Any solutions to the mental health crisis currently taking place among the most vulnerable members of the military must understand these intervening factors and how they can be changed. The 2022 National Defense Authorization Act, which details the budget of the Department of Defense, moved sexual offenses and other capital crimes outside the hands of commanders and to military lawyers called special trial counsels. Yet it still falls massively short of the full reform needed. It still does not provide prosecutorial independence for other crimes. Furthermore, senior commanders are still the convening authorities for all court-martials, including ones dealing with sexual offenses. They will have the power to hand-select members of the court-martial panel, grant witness immunity and defense expert requests, and can even grant resignations in lieu of court-martial proceedings. The fundamental issues of discrimination that face service members of color will still be present under this system and must be fixed.

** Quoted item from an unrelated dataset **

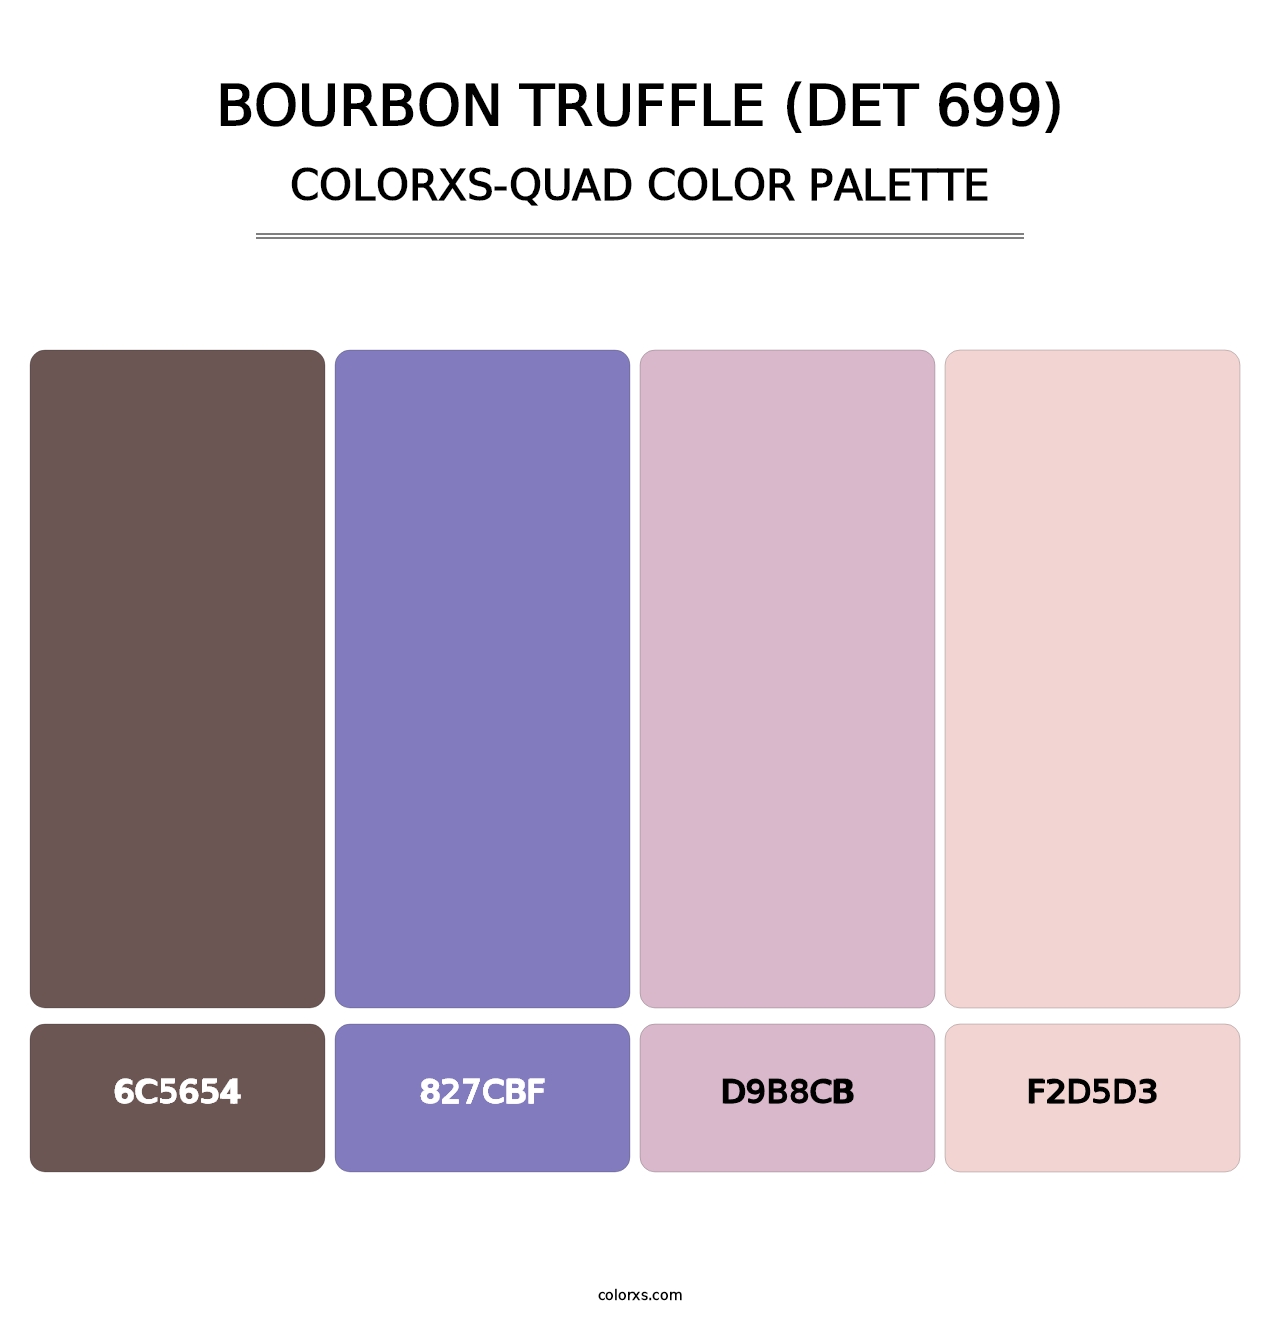 Bourbon Truffle (DET 699) - Colorxs Quad Palette

The stigma around mental health treatment must also be directly dealt with. The Brandon Act, in the 2022 NDAA, named after Navy sailor Brandon Caserta, who died by suicide in 2018 after being tormented by supervisors and fearing repercussions for mental health treatment, would allow for service members to request anonymous mental health treatment outside of the chain of command by stating they have a Brandon Act concern. This is an excellent step forward that brings mental health reporting in line with how service members currently make reports about sexual harassment or assault. Like sexual assault complaints however, the strength of this system is still reliant on a servicemember’s leadership. The chain of command is still involved in the process, and if a servicemember requires a profile (which restricts certain types of duty based on physical or mental ailments), that profile will have to be given to a unit’s leadership. If they have a stigmatized view of mental health treatment, the servicemember will still suffer.
Changing the culture around mental health starts at the top. One way to make a change could be to rate leaders on the performance of their mental health programs in their units, looking at suicide data, servicemember feedback, and other factors. The results should be made public, and if a unit fails, its senior leaders should be held accountable. The military already has a version of these types of systems in place in the form of command climate surveys.
Young idealistic Americans are dying. We need to do more to protect them from despair or their deaths will be our shame.
Daniel Johnson is a former infantry officer and journalist who served with the United States Army in Iraq and is currently a Roy H. Park fellow at the Hussman School of Journalism and Media at UNC–Chapel Hill. He is the author of #Inherent Resolve, a book on his unit’s experience in the war against ISIS.